Беннет быстро взглянула на куратора, миссис Браун, прикусила нижнюю губу и медленно подняла голову выше.
— Я болела, если вы о пропусках, — плавные звуки, их звучание нарушается лишь хрипотой голоса: все из-за сигарет. И из-за вечных криков.
— Ты пропустила ведь не только эту неделю. Ты уходила с пар до этого. Часто пропускаешь семинары, не сдаешь конспекты… Твоя успеваемость — худшая успеваемость во всей нашей группе! — сочувственно и заискивающе напевала миссис Браун. Бонни выдавила из себя что-то наподобие улыбки.
— Как ты можешь это объяснить?! — властно произнес отец. Он внимательно смотрел на дочь, и в его взгляде была такая же нерушимая уверенность в своей правоте, как и больше пяти лет назад. Раньше Бани боялась посмотреть ему в глаза, а теперь вот глядела и понимала: ничего она к отцу не чувствует. Ни любви, ни ненависти, ни презрения. Перегорело, наверное, просто.
— У меня проблемы были, — ответила она после некоторого молчания, снова устремляясь сквозь поток вселенной.
— Что за проблемы? — сникшим голосом промолвила мать. Беннет теперь глядела на эту женщину, ощущая лишь едва уловимое разочарование. Обычно, по законам ебанных жанров, мать должна быть за дочь, должна поддерживать ее во всем.

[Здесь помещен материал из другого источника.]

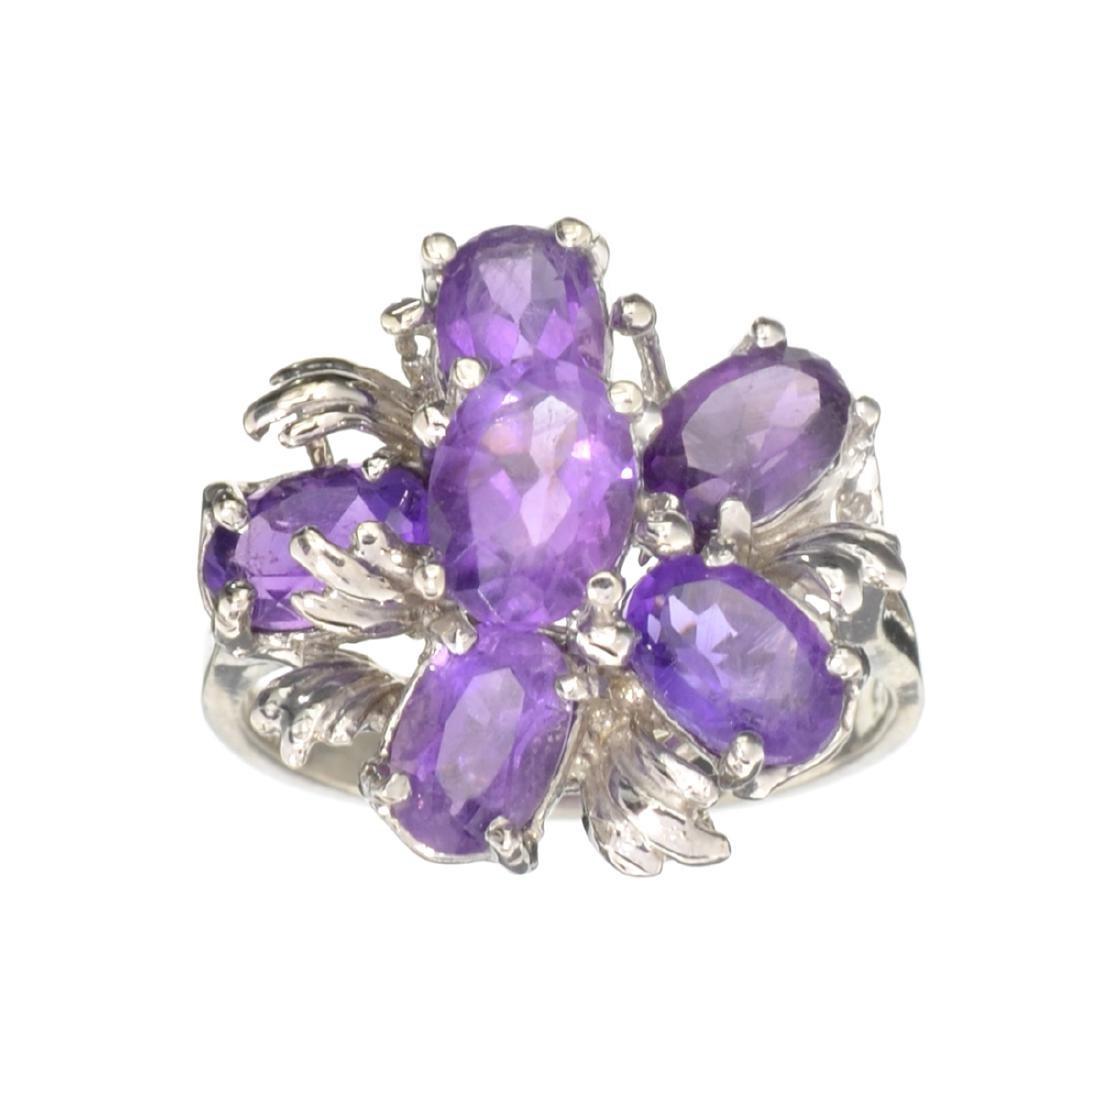 APP: 0.5k Fine Jewelry Designer Sebastian, 2.10CT Oval

Ну, как Долорес Клэйборн, к примеру.
— Я увела парня у своей лучшей подруги, — презрительно, но совершенно спокойно промолвила Беннет, взглядом, уничтожая смелость и дерзость матери. Вернее, жалкие попытки на смелость и дерзость. — Она только что об этом узнала. Она сказала, что ненавидит меня.
Бонни убрала едкую ухмылку со своего лица и потом отрезала:
— Мне плохо.
— Бонни, но ведь это можно решать параллельно с учебными дел…
Миссис Браун замолчала на полуслове, когда поймала на себе взгляд обезумевшей кошки. Кошки, у которой кровотечения обычными жгутами и перевязками не остановишь. Кошки, которая привыкла кричать, доказывая свою правоту и пытаясь достучаться до людей.
Облезлой, бездомной и полумертвой кошки.
— А у меня любовь, миссис Браун! — выплюнула девушка, плавно приближаясь к столу женщины, руками вцепившись в перила. — Лю-бовь! — медленно, отчеканивая каждый звук, шептала Беннет. — Неразделенная любовь в девятнадцать лет. Мне сейчас похуй на учебу.
Девушка научилась не срываться на крик. Тоже, наверное, последствия болевого шока. Больше не хотелось рвать глотку в попытке что-то кому-то доказать.
Просто хотелось убрать все фигуры с шахматной доски и прекратить эту игру.
Отец Бонни ее прекращать не хотел. Схватив девушку за плечо, он резко развернул ее к себе, но встретил лишь хладнокровное спокойствие. Не было больше того запуганного и затравленного ребенка. Не было больше его дочери. Перед ним сидел совершенно иной человек. Измученный. Использованный.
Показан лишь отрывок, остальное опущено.